Opened 2 years ago
Last modified 9 months ago
#702 new defect
Limiting cases of cylinder model
Reported by: | dirk | Owned by: | dirk |
---|---|---|---|
Priority: | major | Milestone: | SasView 4.3.0 |
Component: | sasmodels | Keywords: | |
Cc: | Work Package: | SasModels Redesign |
Description
The cylinder model should give the formfactor of a long, infinitely thin rod or thin disk if diameter or lengh is set to zero, respectively.
Attachments (2)
Change History (8)
Changed 17 months ago by pkienzle
Changed 17 months ago by pkienzle
comment:1 Changed 17 months ago by pkienzle
- Milestone changed from sasmodels WishList to SasView 4.2.0
comment:2 Changed 17 months ago by pkienzle
- Priority changed from minor to major
comment:3 Changed 17 months ago by pkienzle
- Type changed from enhancement to defect
comment:4 Changed 17 months ago by pkienzle
Inada 2005 (supplemental) gives the following for an infinite core-shell cylinder with core radius=0:
I(q) = pi L/q [drho V 2 J1(q r)/(q r)]^2
This equation gives the same curve shape as the finite cylinder, but the scale is off. Instead use:
I(q) = pi/L V/q [drho 2 J1(q r)/(q r)]^2
This matches the peaks well, but underestimates the dips. With minimal polydispersity or resolution the precise value of the dips won't matter and this approximation will be good enough. It breaks down at low q for shorter cylinder lengths.

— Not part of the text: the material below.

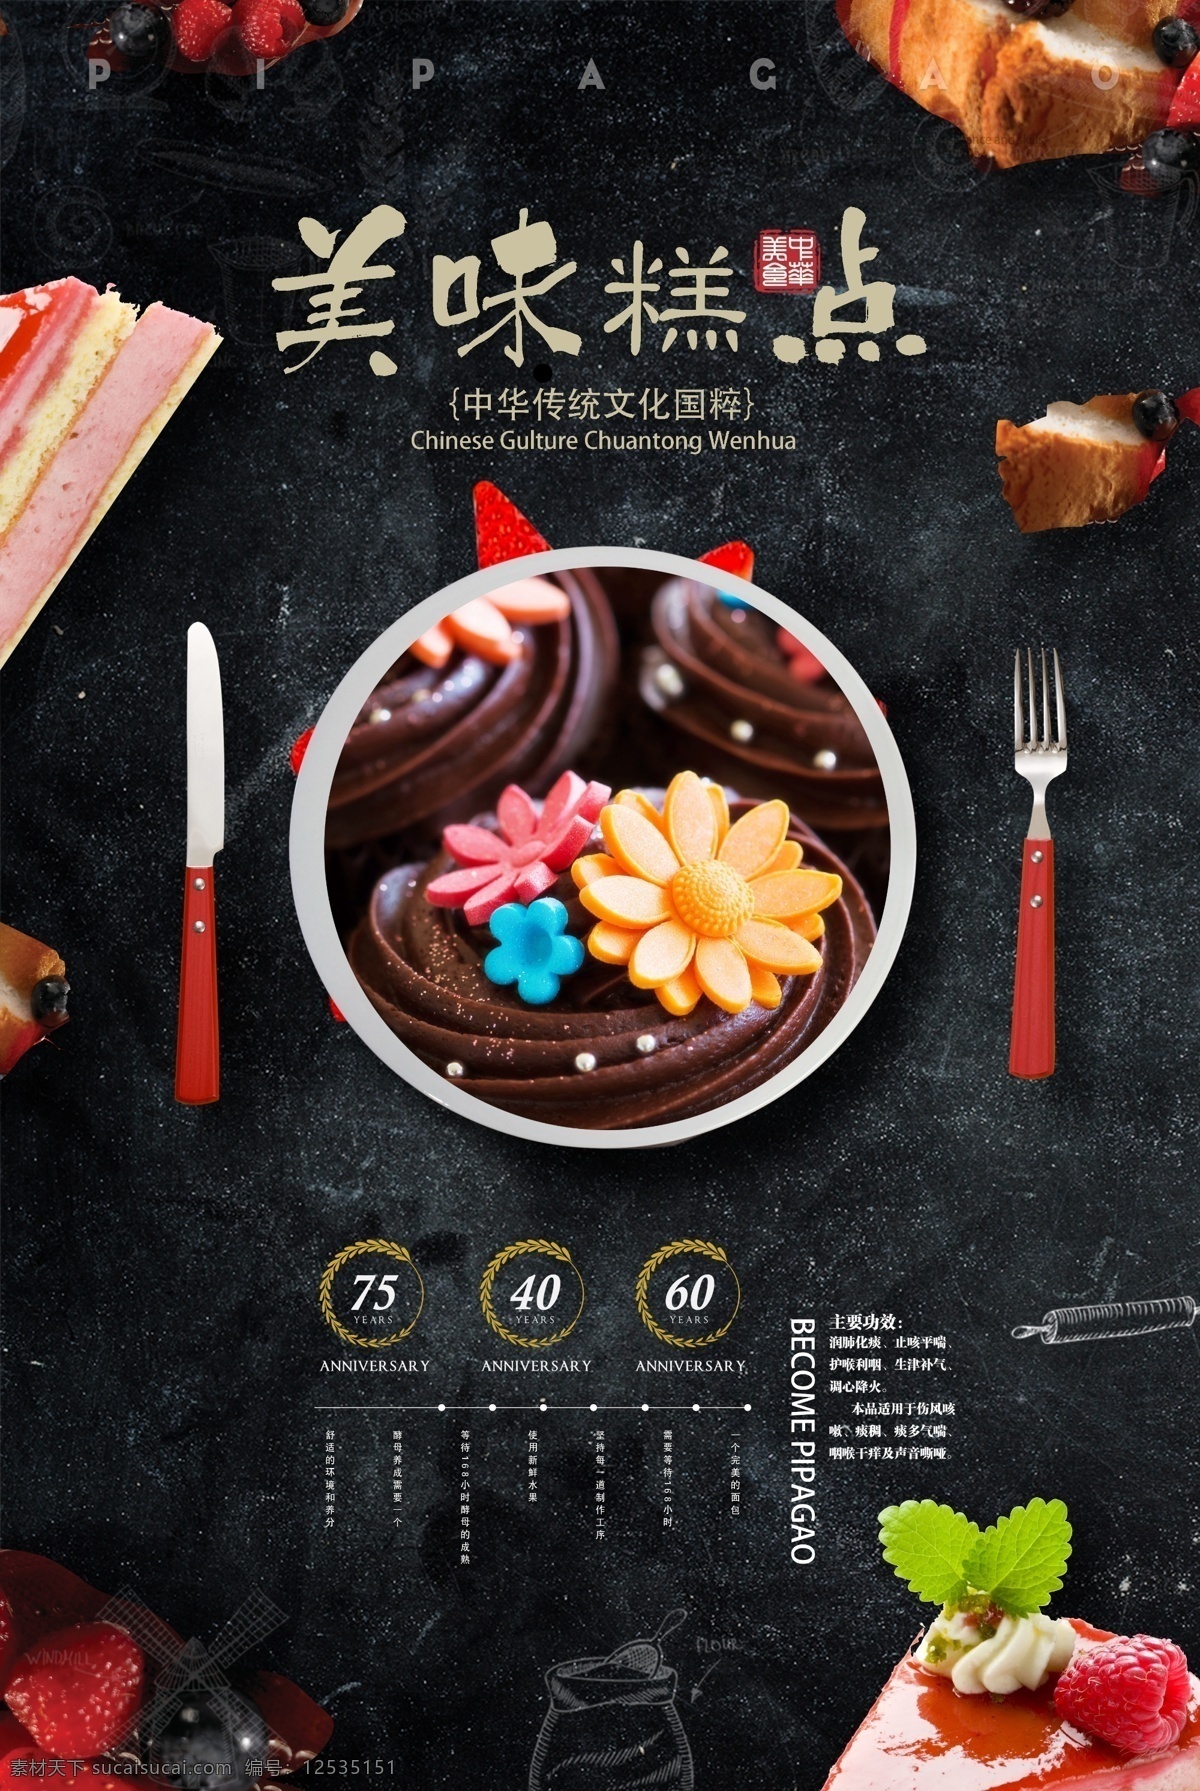 黑色 系 主题 美味 糕点 食品 美食 海报 招贴 促销海报 美食海报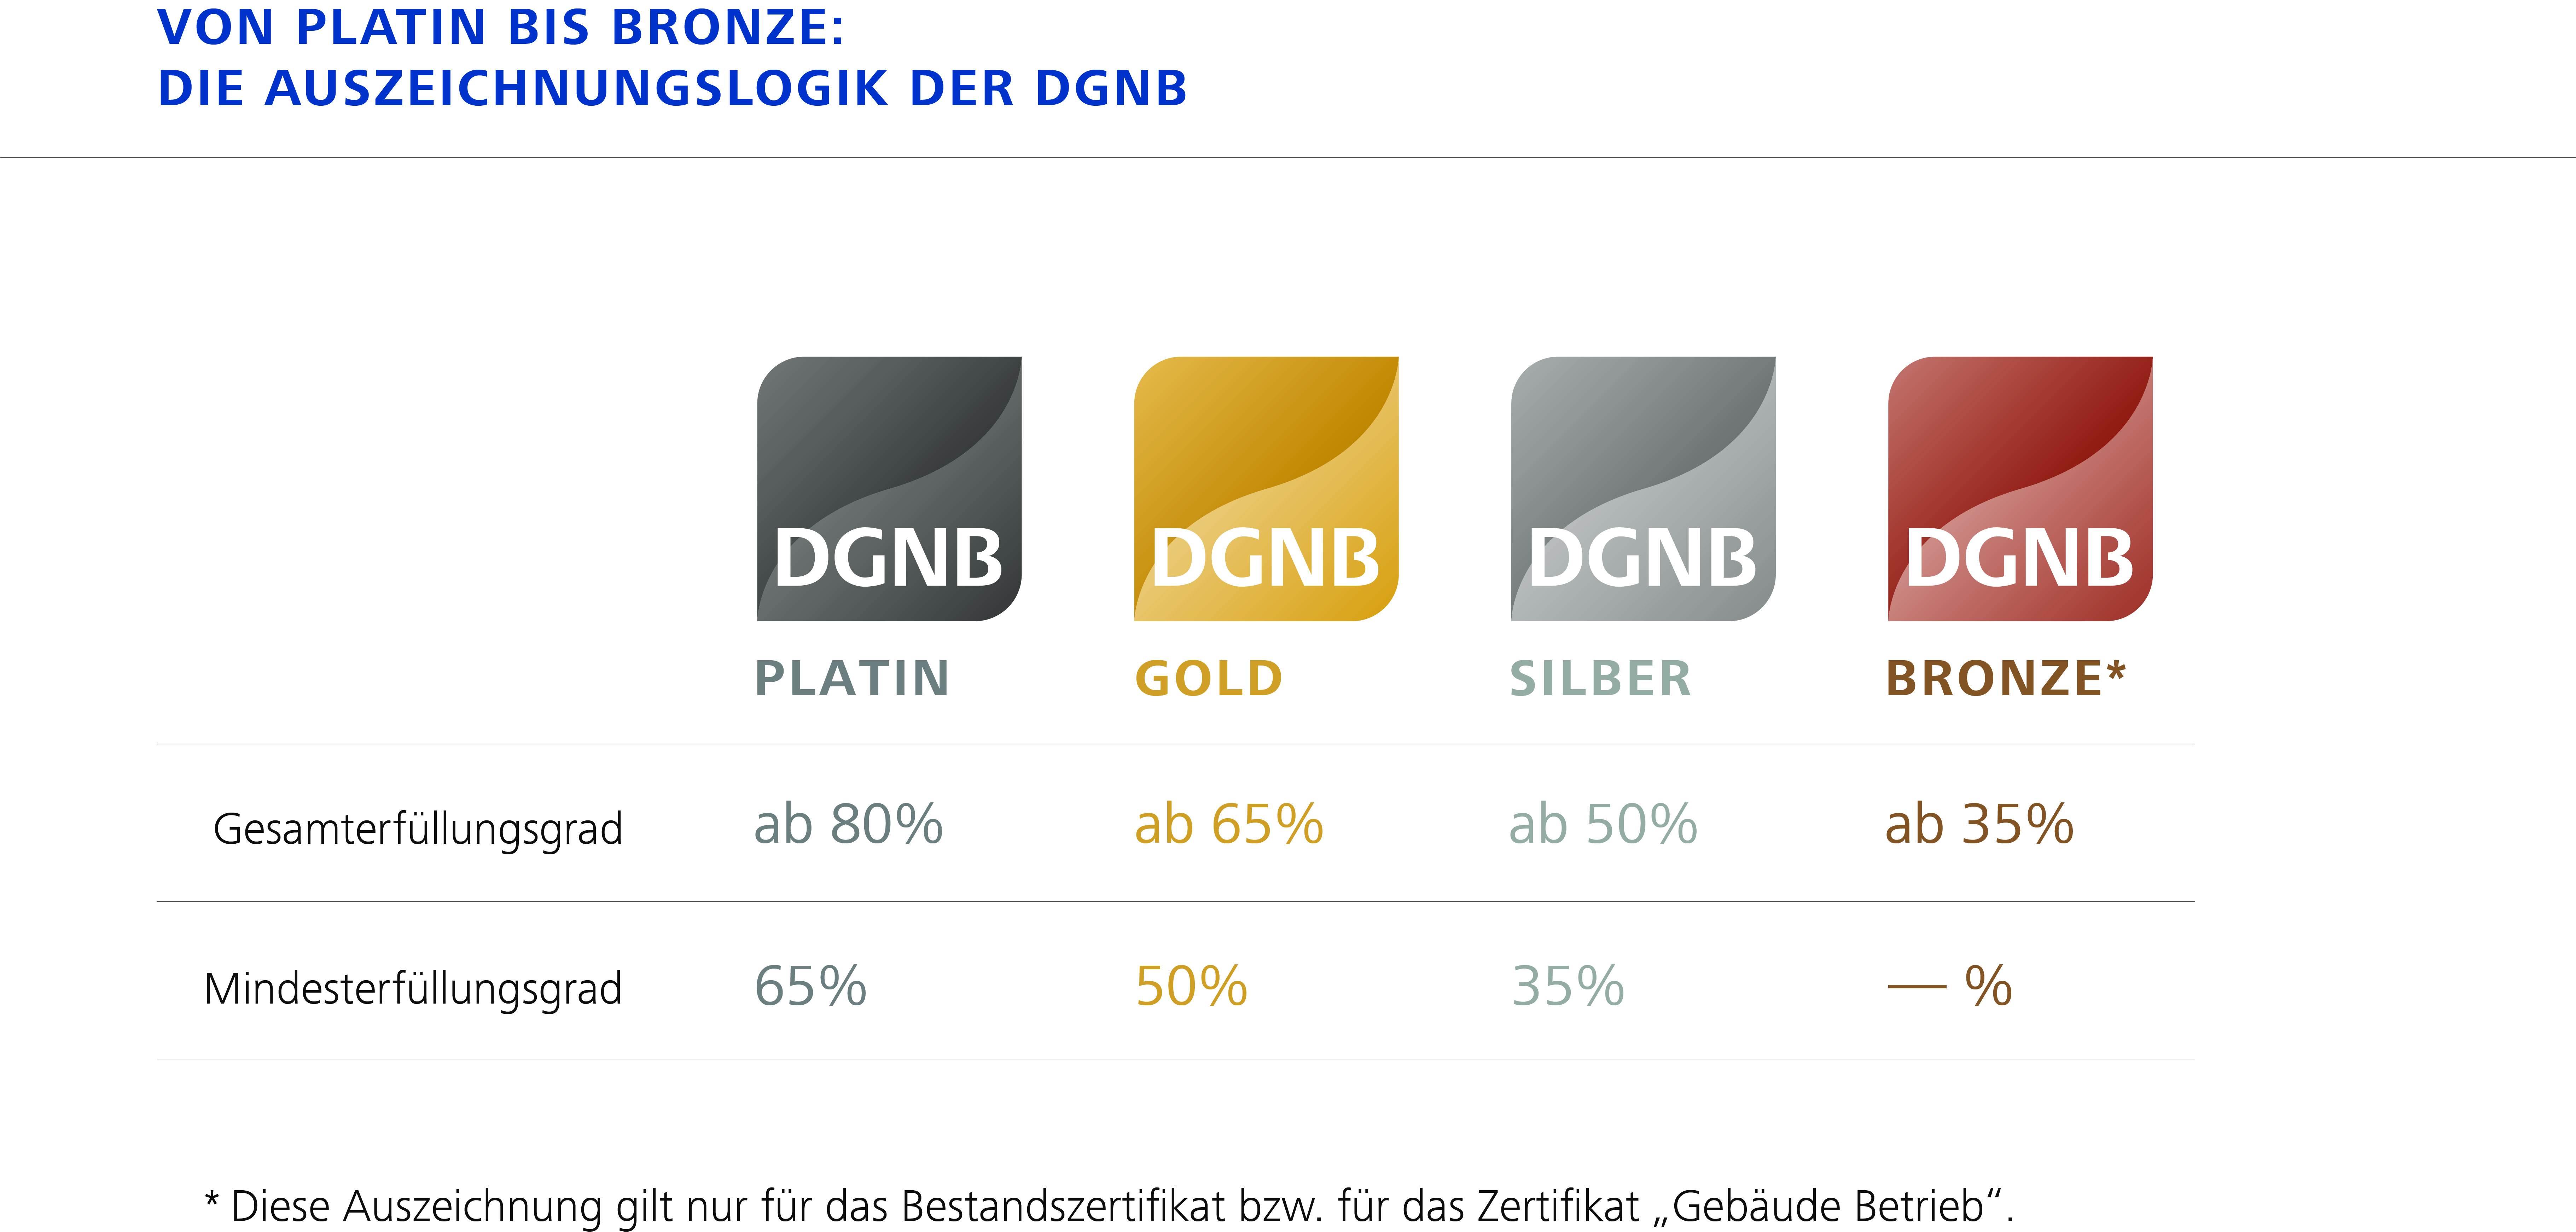 DGNB_Auszeichnungsstufen_DE.jpg

Note: sasmodels kernels use V rather than V^{2} because the polydispersity loop does volume weighted normalization, which still doesn't explain the 1/L vs. L difference.
comment:5 Changed 17 months ago by pkienzle
Infinitely thin rod:
2Si(qL)/(qL) - [sin(qL/2)/(qL/2)]^2
Infinitely thin disk:
2/(qR)^2 [ 1 - 2 J1(2qR)/2qR ]
Pedersen, J.S., 1997. Analysis of small-angle scattering data from colloids and polymer solutions: modeling and least-squares fitting. Advances in Colloid and Interface Science 70, 171–210. doi:10.1016/S0001-8686(97)00312-6
comment:6 Changed 9 months ago by butler
- Milestone changed from SasView 4.2.0 to SasView 4.3.0
More practically, the cylinder model does not support carbon nanotubes, with length 10 um and diameter 1 nm.
Calculations for different numbers of integration steps attached. First image shows the highly oscillatory function that we are integrating at several q points. The second image shows the results for a few different optimization strategies. Trapezoidal method for 65000 points and 525000 points are indistinguishable on the graph, and so that is likely the true value.
Repeating the tests with different lengths, it seems that the current code with the 76 point Gaussian integration supports lengths up to 0.1 um. Switching to a 150 point Gaussian will allow up to 1-2 um. Using Gaussian integration with 1024 points (not shown) gives results within 1.5% of the 525000 point trapz. [1024 is a nicer number for GPUs to work with, though any multiple of 4 ought to be fine.]
Simulations were run with explore/symint.py in the ticket-776-orientation branch.